Unit-VI: Data Analysis with Python

Lecture 2: NumPy Operations, Broadcasting, and Functions

Estimated: 40-50 minutes

1. Array Operations

NumPy supports element-wise operations on arrays of the same shape:

import numpy as np

a = np.array([1, 2, 3])
b = np.array([4, 5, 6])

# Element-wise operations
print("Addition:", a + b)        # [5 7 9]
print("Subtraction:", b - a)     # [3 3 3]
print("Multiplication:", a * b)  # [ 4 10 18]
print("Division:", b / a)        # [4.  2.5 2. ]
print("Exponentiation:", a ** 2) # [1 4 9]
Note: These operations are performed element-wise, unlike matrix multiplication.
2. Broadcasting

NumPy can perform operations on arrays of different shapes through broadcasting:

# Array and scalar
arr = np.array([[1, 2, 3], [4, 5, 6]])
print("Array + 2:\n", arr + 2)

# Arrays with different dimensions
a = np.array([[1, 2, 3]])
b = np.array([[1], [2], [3]])
print("\nBroadcasted addition:\n", a + b)
Broadcasting Rules:
  1. Dimensions are compared from right to left
  2. Dimensions must be equal or one of them must be 1
  3. Arrays with fewer dimensions are padded with 1's on the left
3. Universal Functions (ufuncs)

NumPy provides fast element-wise operations through universal functions:

Math
Trigonometric
Exponents
arr = np.array([1.2, 2.3, 3.4])

print("Absolute:", np.abs([-1, -2, -3]))
print("Square root:", np.sqrt(arr))
print("Ceiling:", np.ceil(arr))    # [2. 3. 4.]
print("Floor:", np.floor(arr))     # [1. 2. 3.]
print("Round:", np.round(arr))     # [1. 2. 3.]
print("Log (base e):", np.log(arr))
print("Log (base 10):", np.log10(arr))
angles = np.array([0, 30, 45, 60, 90])
radians = np.deg2rad(angles)  # Convert to radians

print("Sin:", np.sin(radians))
print("Cos:", np.cos(radians))
print("Tan:", np.tan(radians))
print("Arcsin:", np.arcsin([0, 0.5, 1]))
print("Arccos:", np.arccos([0, 0.5, 1]))
print("Arctan:", np.arctan([0, 1, np.sqrt(3)]))
arr = np.array([1, 2, 3])

print("e^x:", np.exp(arr))
print("2^x:", np.exp2(arr))
print("3^x:", np.power(3, arr))
print("Natural log:", np.log(arr))
print("Log base 2:", np.log2(arr))
print("Log base 10:", np.log10(arr))
4. Statistical Functions

NumPy provides various statistical operations:

data = np.array([[3, 1, 4], [1, 5, 9], [2, 6, 5]])

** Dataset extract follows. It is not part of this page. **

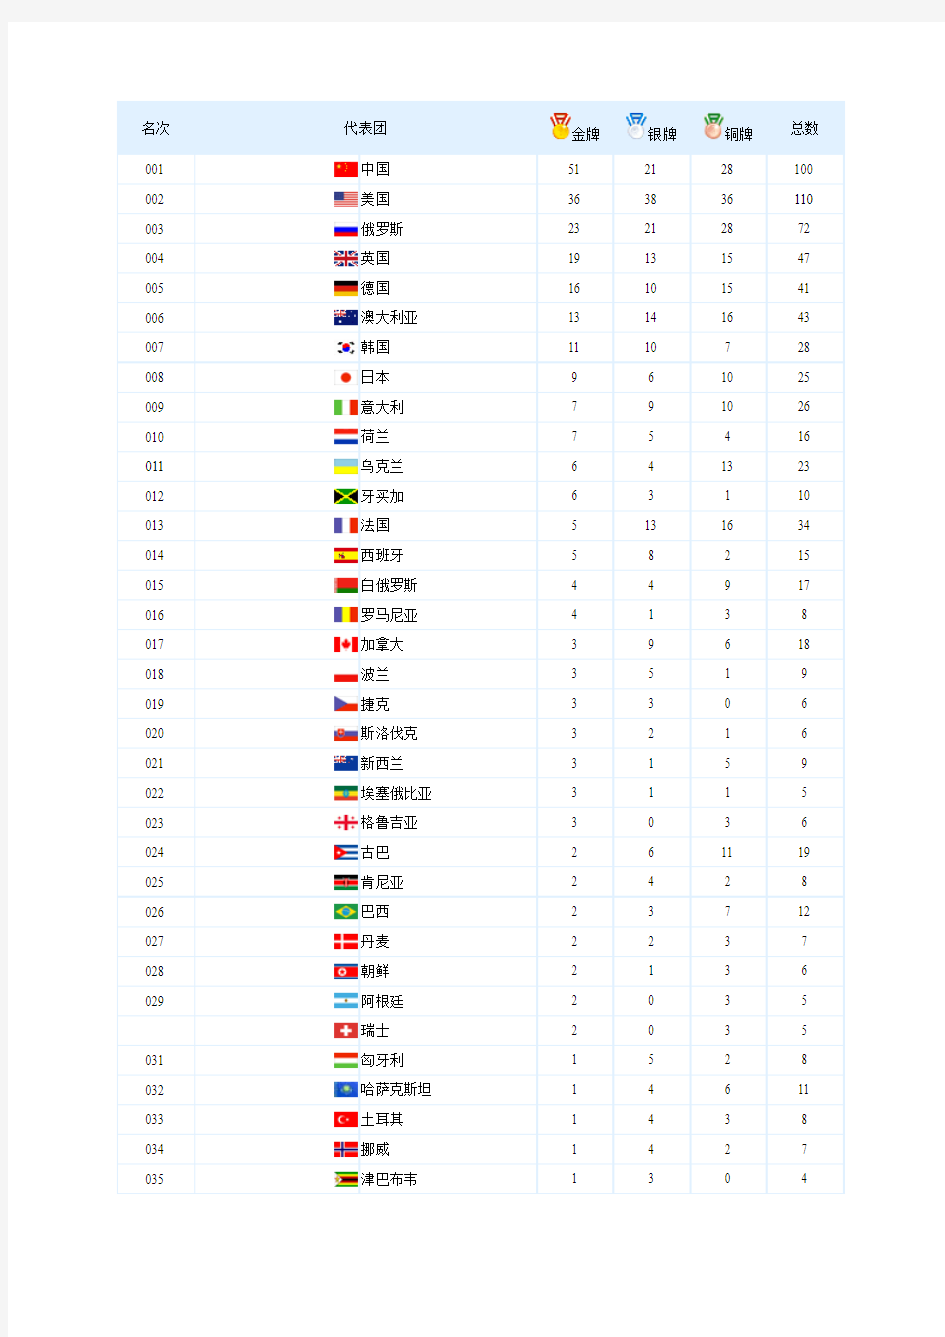 第29届奥运会奖牌榜(详细)

print("Sum:", np.sum(data))
print("Sum along rows:", np.sum(data, axis=0))  # Sum of each column
print("Sum along columns:", np.sum(data, axis=1))  # Sum of each row
print("\nMean:", np.mean(data))
print("Median:", np.median(data))
print("Standard deviation:", np.std(data))
print("Variance:", np.var(data))
print("Min:", np.min(data))
print("Max:", np.max(data))
print("Index of max:", np.argmax(data))  # Index of flattened array
print("Indices of max in each row:", np.argmax(data, axis=1))
5. Sorting and Searching

Efficient sorting and searching operations:

arr = np.array([3, 1, 4, 1, 5, 9, 2, 6, 5])

# Sorting
print("Sorted array:", np.sort(arr))  # Returns new array
arr.sort()  # In-place sort
print("After in-place sort:", arr)

# Searching
print("Indices of elements > 3:", np.where(arr > 3))
print("First index of 5:", np.where(arr == 5)[0][0])
print("Count of 5s:", np.count_nonzero(arr == 5))
print("Check if any > 8:", np.any(arr > 8))
print("Check if all > 0:", np.all(arr > 0))
6. Special Functions

NumPy provides various special mathematical functions:

x = np.linspace(0, 2, 5)  # 5 points from 0 to 2

# Bessel functions
from numpy import pi, sin, cos, exp

print("Sine integral:", np.sinc(x))
print("Factorials:", np.math.factorial(5))  # 120

# Linear algebra
from numpy.linalg import inv, det, eig

a = np.array([[1, 2], [3, 4]])
print("\nMatrix inverse:\n", inv(a))
print("Determinant:", det(a))
print("Eigenvalues and eigenvectors:\n", eig(a))
7. Practice Exercise

Given the following array of student scores (out of 100) for 5 subjects:

scores = np.array([
    [85, 90, 78, 92, 88],  # Student 1
    [72, 85, 90, 75, 80],  # Student 2
    [90, 92, 88, 85, 95],  # Student 3
    [65, 70, 75, 80, 85],  # Student 4
    [95, 85, 90, 92, 98]   # Student 5
])

Calculate the following:

  1. Average score for each student
  2. Average score for each subject
  3. Highest score in each subject
  4. Number of students who scored above 85 in each subject